In the past two and a half years, we have made it too easy for ourselves by applying large numbers of protective measures against the corona virus with a high level of intervention on the weakest in our society, without sufficiently empirically verifying their effectiveness in combating the pandemic and without adequately acknowledging the great suffering , which we thereby evoke. Not listening enough to children’s voices triggers a dangerous trend: we can already see today that measures to avoid energy shortages as a result of the reduced Russian gas supplies are suddenly starting to affect the children: classrooms are cooled down, hot water in schools and gyms is turned off – for now long before adults have to restrict themselves.

Much cannot be undone

We must end the tendency to shift our responsibilities prematurely onto the youngest. Pandemic protection measures in children should not play a role in the autumn unless a virus variant appears that is significantly more dangerous (for which there is currently no evidence). And that’s not all: Due to the fundamentally low risk that an illness with Covid-19 causes for them, children and young people have made considerable “special sacrifices” for our society in recent years. Today, these “special sacrifices” can be clearly measured in numerous negative consequences for the physical and mental health of our children as well as in massive educational deficits.
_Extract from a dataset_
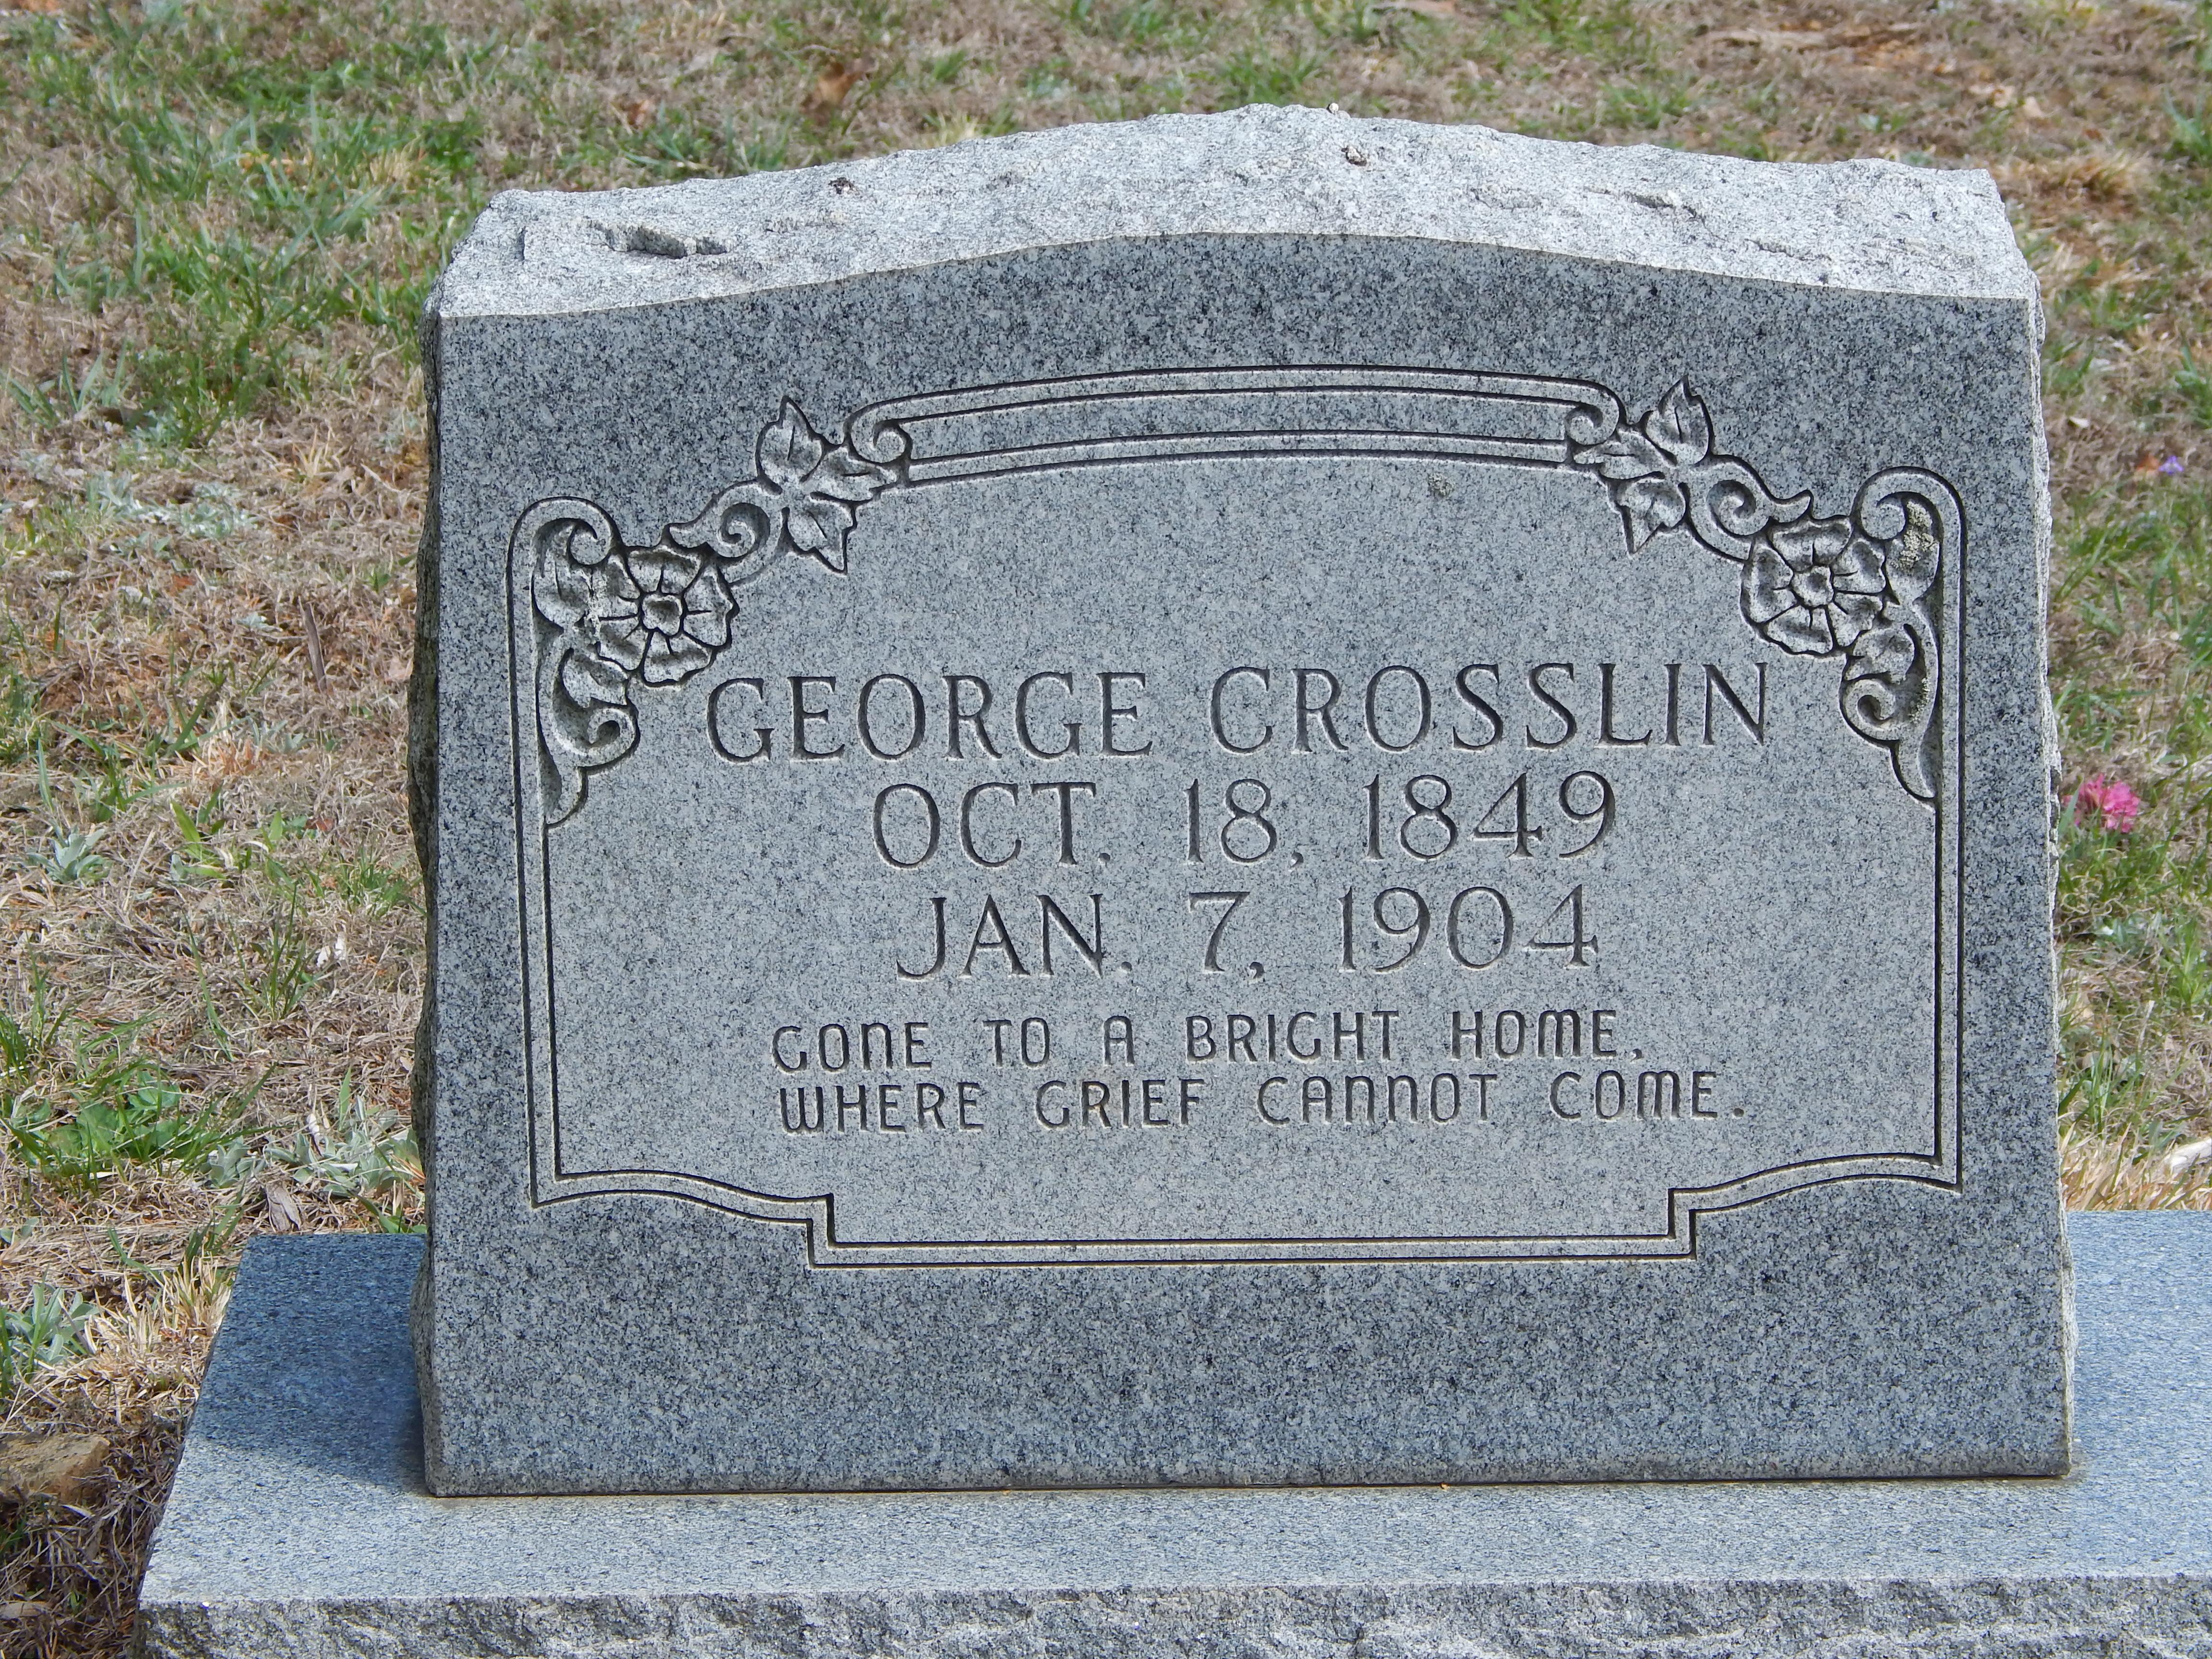 George Crosslin

Much can no longer be undone. Nevertheless, we owe it to our children and young people to try to make amends of this kind. Just as we make compensation payments to restaurateurs and others affected in their economic activities as a result of our corona protection measures, impairments that have occurred to children and young people must also be compensated for.

So we not only owe the younger generations that we will spare them our measures next autumn. We also owe them compensation for what they have suffered: offers to compensate for disadvantages in development and education. In addition to creativity, enough money must be invested for this; in particular, the education systems must be provided with sufficient financial resources. As a society, we need to remember the rights of our children and respect them again in the right way. If we look back at the pandemic in a few years, the bitter impression should not remain that an entire generation was irreversibly prevented from starting its own life. And we just looked the other way.

Prof. Dr. dr Frauke Rostalski holds the chair for criminal law, criminal procedure law, legal philosophy and comparative law at the University of Cologne and is a member of the German Ethics Council.

Prof. Dr. Nicole Reese teaches general administrative law as well as labor and civil service law at the University of Police and Administration in North Rhine-Westphalia.